Gold and Silver: Supreme Safe Haven Assets
Source: Jeb Handwerger, Gold Stock Trades (4/21/11)
"Gold and silver are taking the reins."
Investing in silver presents an opportunity for the beleaguered middle-class taxpayer to defend himself, while 50% of the population pays no taxes (and the same with corporate entities, such as General Motors and General Electric). Gold and silver provide a safe haven despite high prices because none of the budgetary, political and monetary concerns await resolution.
We hear of bubbles, but gold and silver are still a small part of global financial assets. The price of gold in 1980 represented four times what it is today. China may be reentering the metals markets after taking a brief seventh-inning stretch adding impetus to the upward move in precious metals. Over 19 central banks were net buyers in the year 2010. This still leaves plenty of banks waiting in the wings. Gold supplies from scrap metals fell in 2010, while gold prices were higher, signifying that people are holding onto their scrap as they feel prices are going higher.

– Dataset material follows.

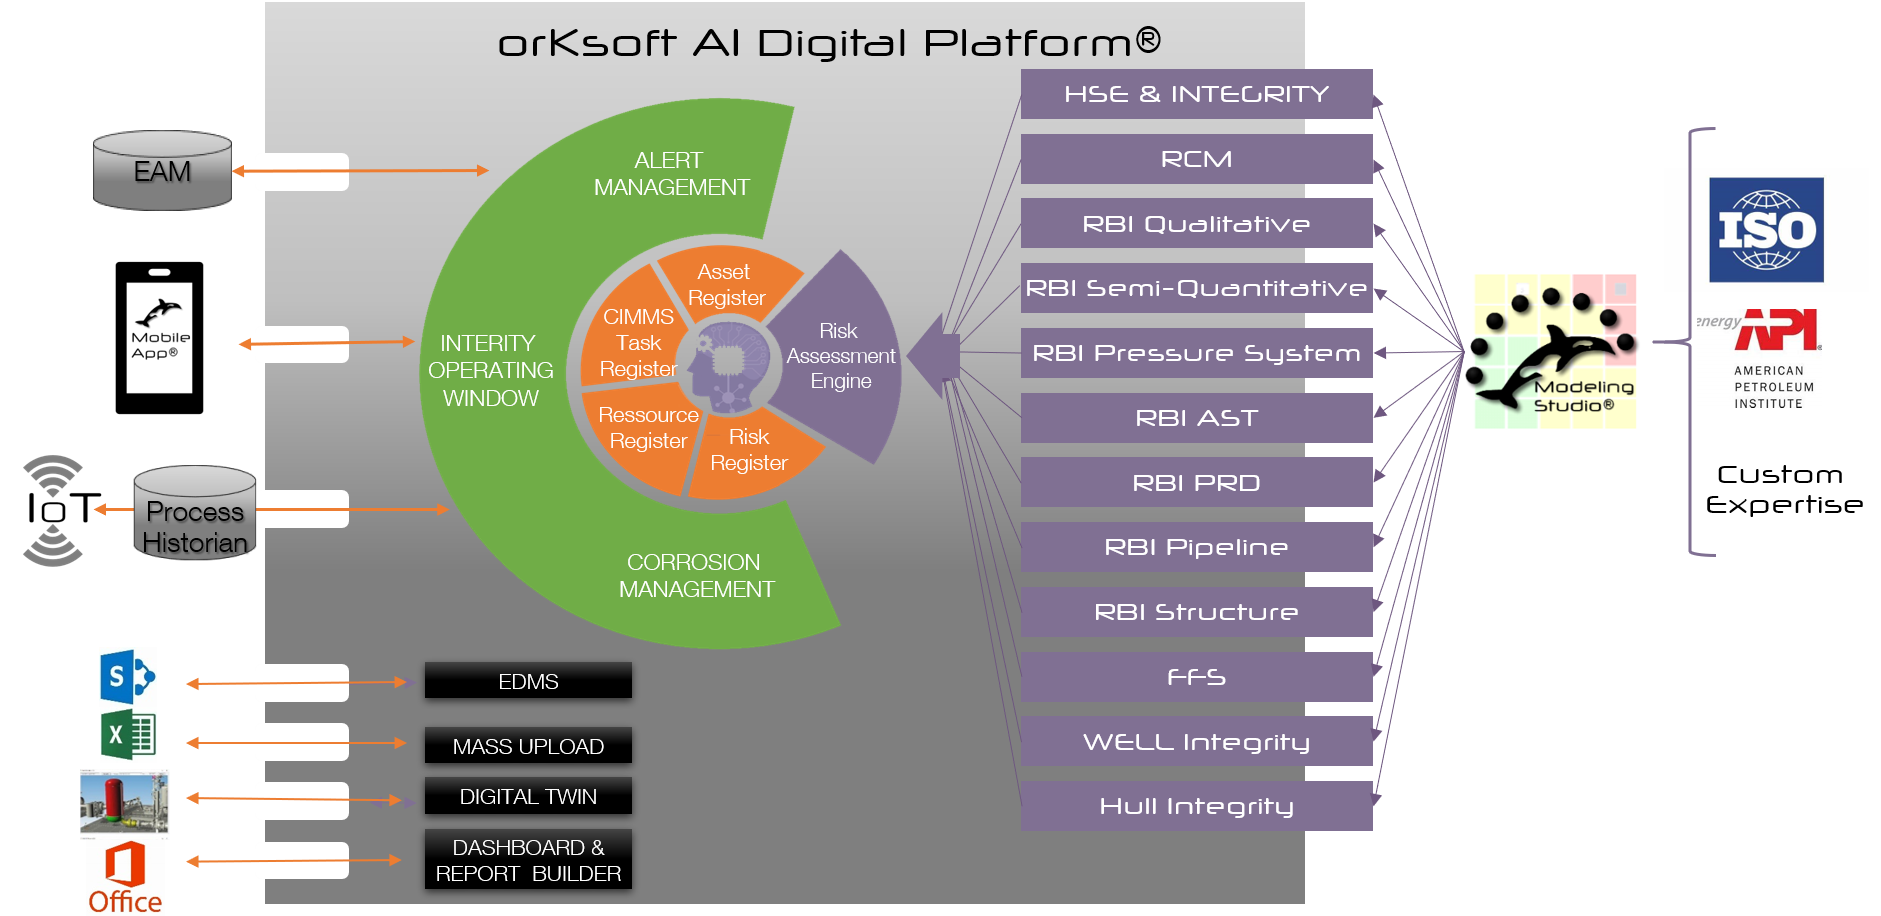 A schema of the architecture of orKsoft®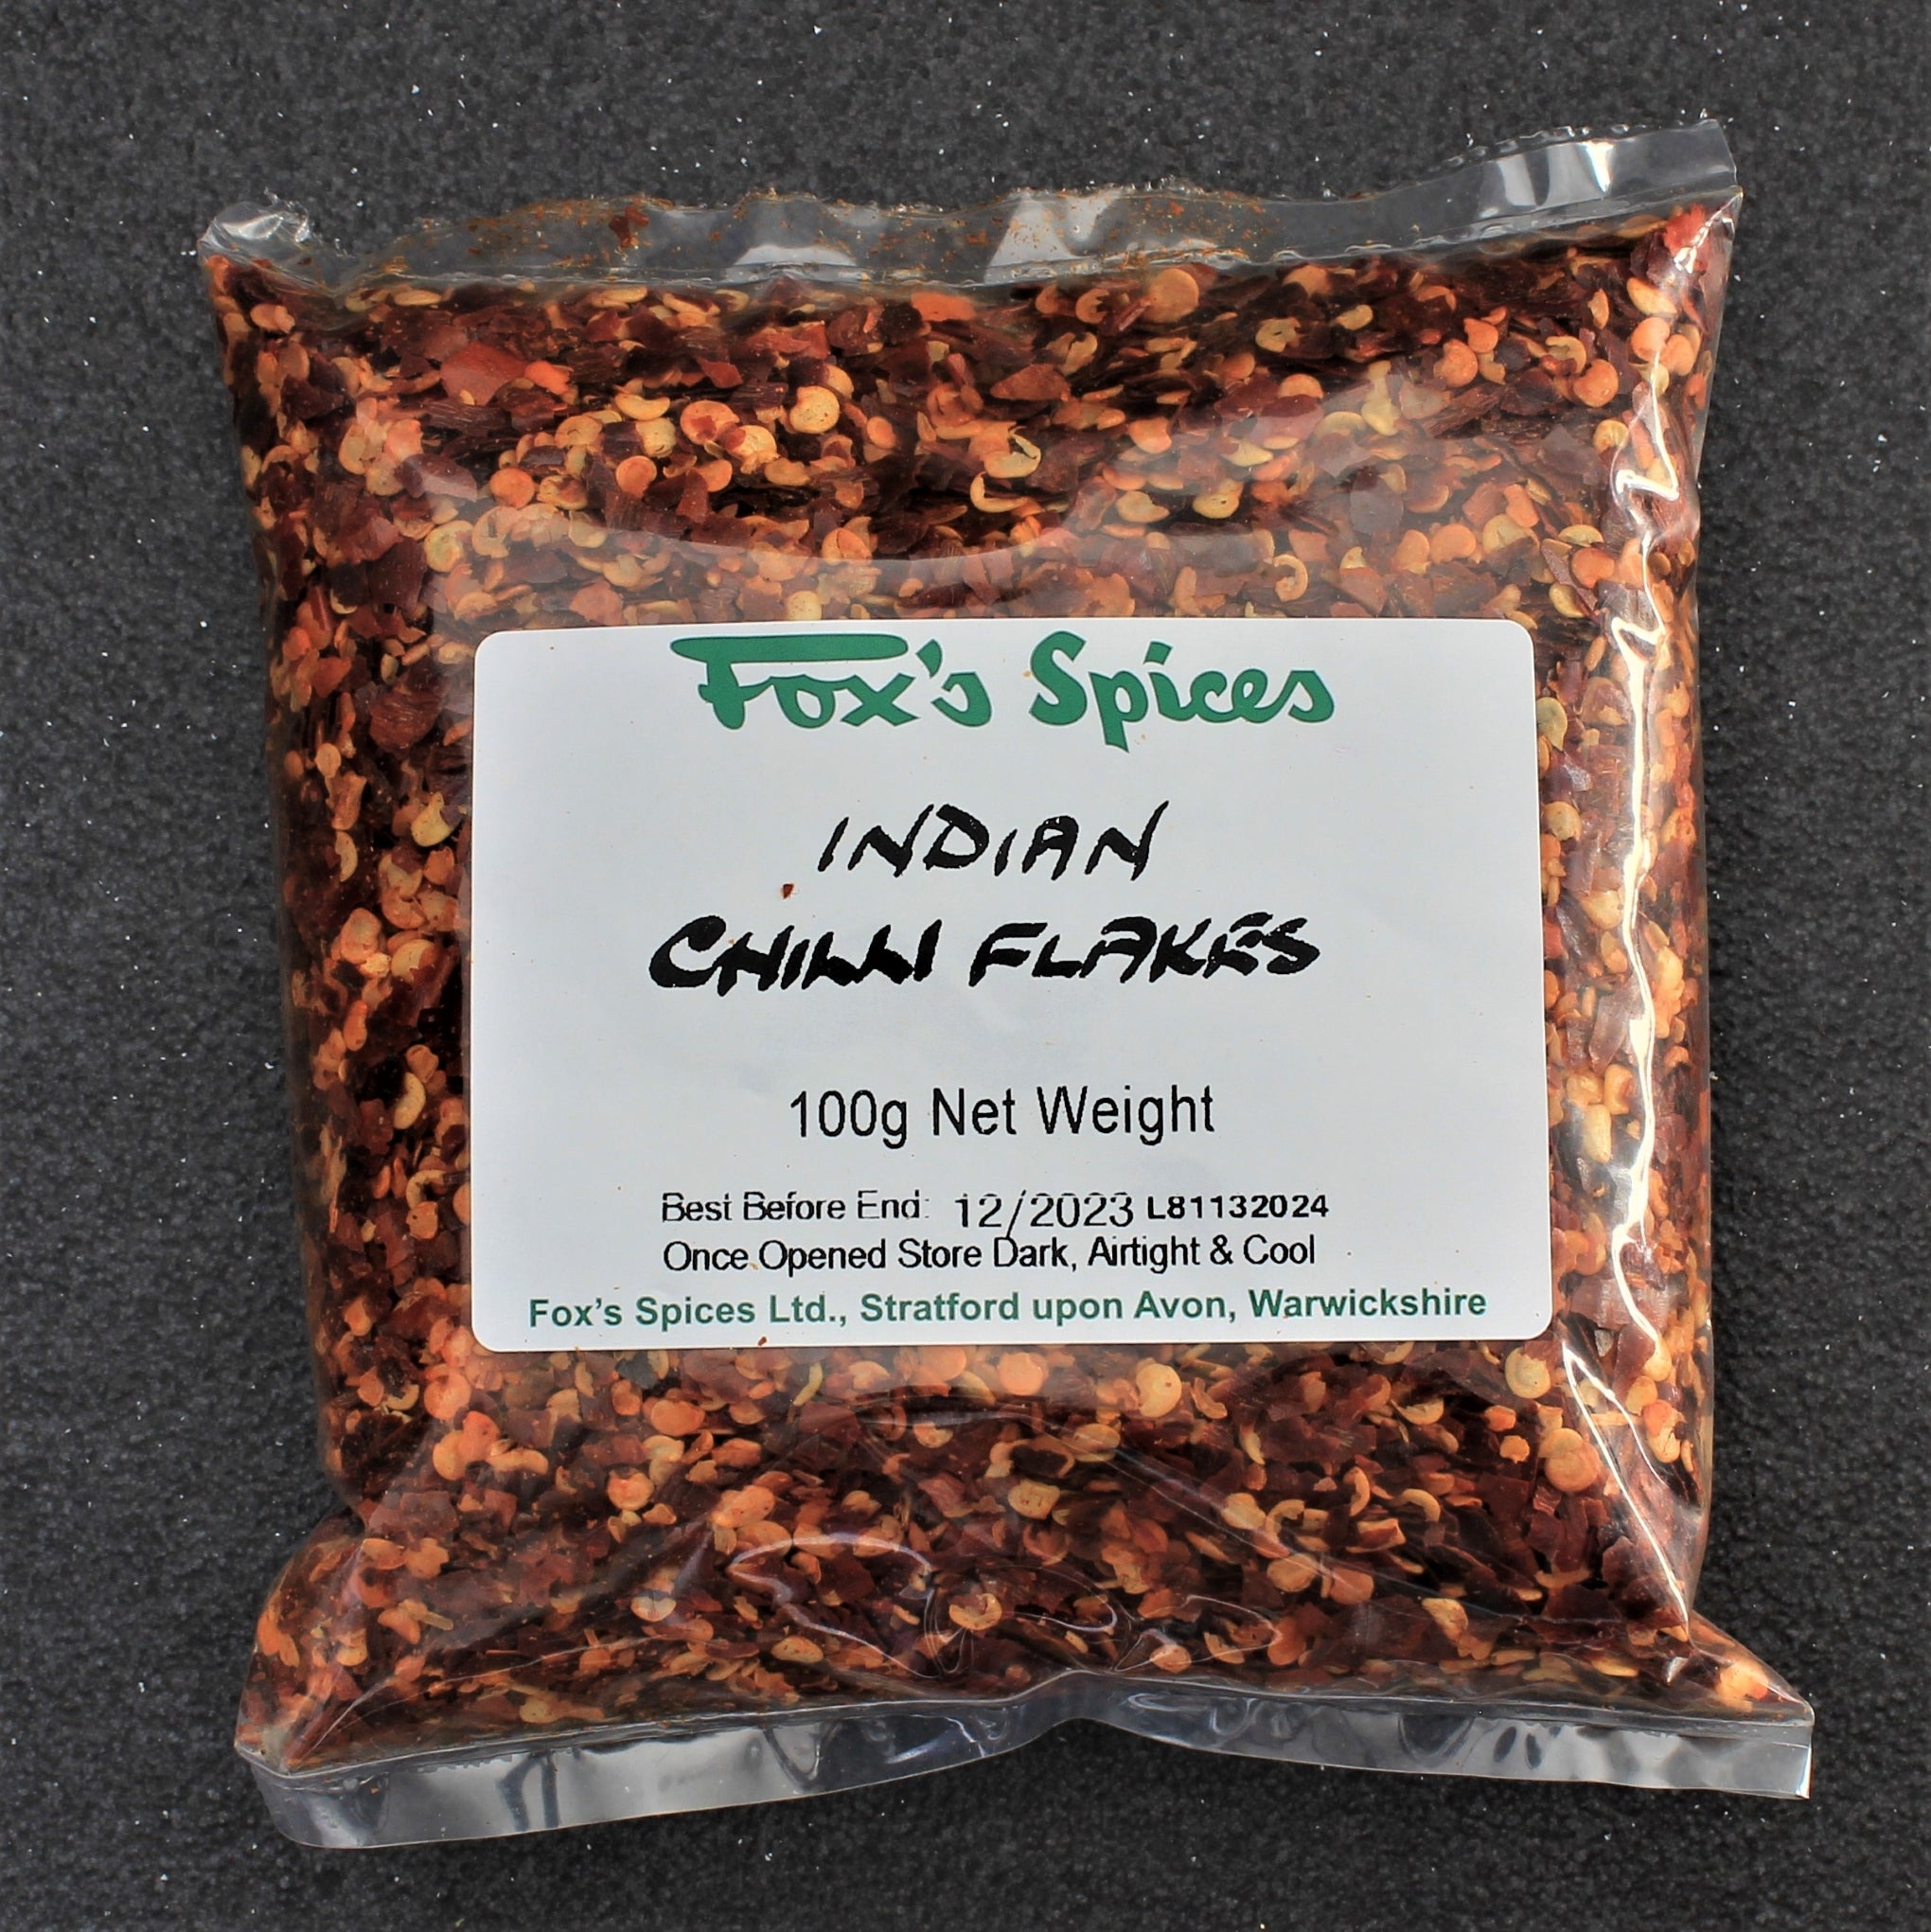 A 100g bag of chilli flakes from Fox's Spices.

Protection against untenable fiscal imbalances and currency debasement is one of the few ways the middle class can defend themselves. Always remember that precious metals are on a long-term rising cycle and will remain a profitable focus for years to come. Oftentimes the precious metals cycle moves slowly, yet it bends upward. Long term U.S. debt and the U.S. dollar are in secular downtrends.
I am acutely aware that our valuable service has protected investors in this climate. Since the depths of the credit crisis, I have been alerting my readers to protect their assets through movement away from the U.S. dollar and into the safe harbor of precious metals and natural resources.
There are many concerns about the falling dollar against the rising euro as this may put pressure on debt-ridden countries such as Greece, Portugal and Ireland. The question on the table is how should investors react in such a scenario. As the middle class loses buying power daily, supporting corporate thieves and non-tax-paying entitlement brigands, we stand ready to monitor this situation on an hourly basis. If economic weakness occurs in the eurozone due to rapid currency appreciation you can be sure central banks will continue to ease liquidity into the system.
For the time-being, as we approach our measured targets in gold at $1600, it might be prudent to use this benchmark as a metric to dictate a commensurate sale. Playing with the house's money is a conservative position in a highly manipulated market. Remember: The Fed is answerable to no one, and with one stroke could cause a temporary short-lived selloff in precious metals. Notice how Goldman Sachs this week came out with a bearish report on commodities. In yesteryear's markets this may have caused a prolonged decline, yet investors have shrugged off that report. Commodities have rebounded since that release.
One technique you can use to secure these hard-earned gains is to follow the 20-day moving average, which has historically proven to be an excellent short-term indicator as a trailing stop loss. If gold or silver breaks below the 20-day or short-term trend, then one can secure profits and not have to sit through a sell-off on the upward secular path.
I believe we are about halfway from the January buy signal to our $1600. My timeframe is that precious metals should still see strength into the end of May or early June.